Best Vasopressor in TBI?

What vasopressor do you routinely use in the management of traumatic brain injury patients? Admittedly, in my neurocritical care practice, I don’t manage a lot of true TBI patients. In our system, the only neurotrauma patients that come to the neuro ICU are isolated neurotrauma (brain and/or spine without other major trauma). Polytrauma patients go to the trauma service and are comanaged in the TICU along with neurosurgery.

But, in my limited experience, I typically use norepinephrine. I might have formerly said phenylephrine, as that used to be the vasopressor of choice in the neuro ICU. This was mostly due to the fact that at one point, we were mostly using vasopressors to augment BP in order to increase perfusion to the brain or spine, a practice that has largely fallen out of favor. In these cases, the patients often just needed short runs of low dose pressor and so phenylephrine was considered safer to run without a central line, making it appealing in this subset.

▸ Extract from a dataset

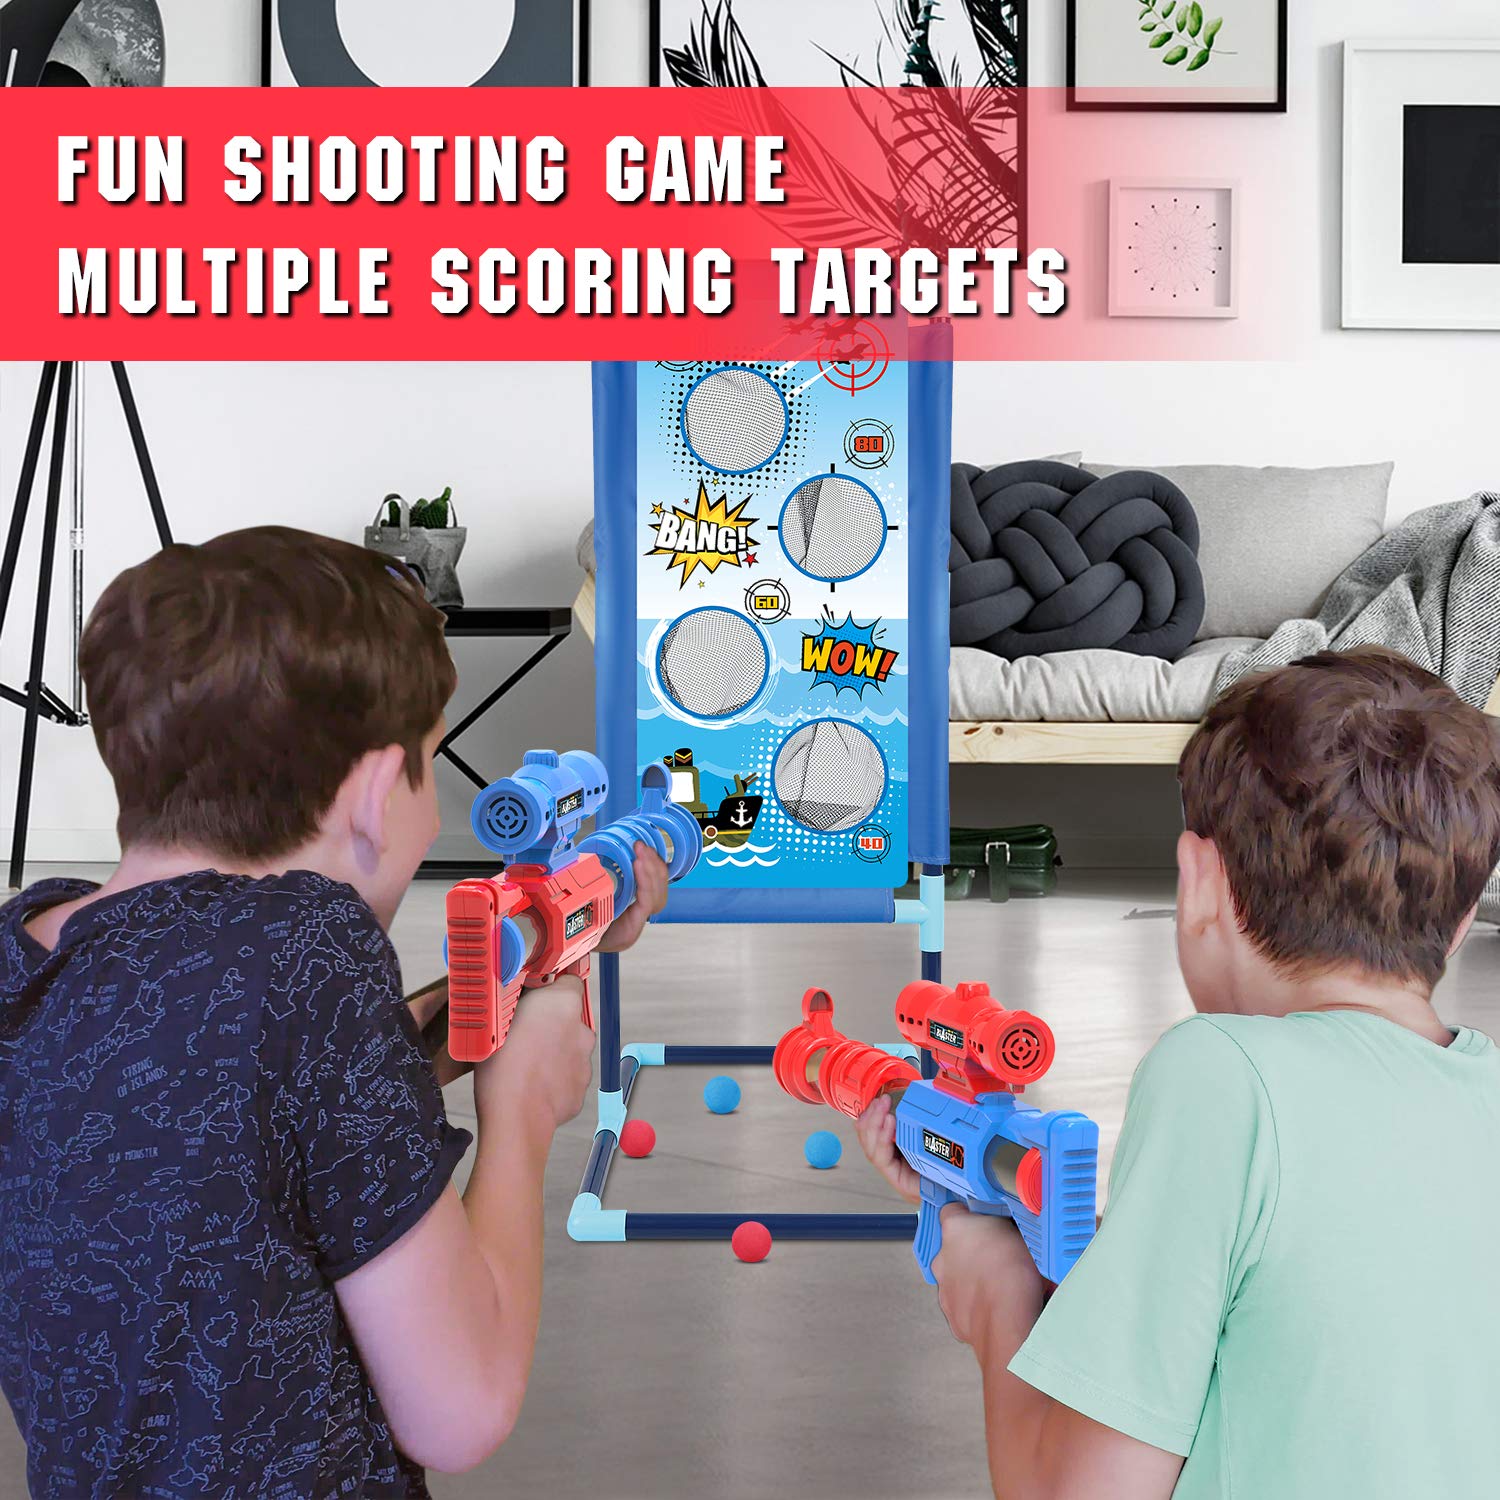 YEEBAY Shooting Game Toy for Age 6, 7, 8,9,10+ Years Old Kids, Boys - 2pk Air Guns & Shooting Target & 24 Foam Balls - Ideal Gift - Compatible with Toy Guns

But, in the past few years, we’ve gradually shifted away from this to favoring norepinephrine. I think this is largely because we’ve seen a steady increase in the overall acuity of the patients and now those who need pressors typically need them for actual shock, not just to drive MAPs. In that case, central access is typically needed anyway, eliminating the one benefit of phenylephrine.

In this episode of the Elective Rotation podcast, Pharmacy Joe covers a recent study in Anesthesia and Analgesia that seems to favor the use of phenylephrine as the first line vasopressor in TBI patients. It was a rather large retrospective study that showed a statistically significant increase in in-hospital mortality in patients who received norepinephrine as compared to those who received phenylephrine. The study found that norepinephrine was much more common in sicker patients (higher ISS, use of ICP monitoring, comorbidities, etc.), but the authors used propensity-matching statistical analysis to account for this.

Overall, it is an interesting study but there are number of issues including incomplete data regarding shock states. Despite the propensity-matching analysis, I think it’s reasonable to assume that there is probably some bias with patients receiving norepinephrine instead of phenylephrine being sicker at baseline which may account for the difference to a greater degree than is appreciated.

What about you? What is your practice regarding vasopressors in TBI? After reading this study and/or listening to the podcast episode, will you change your practice?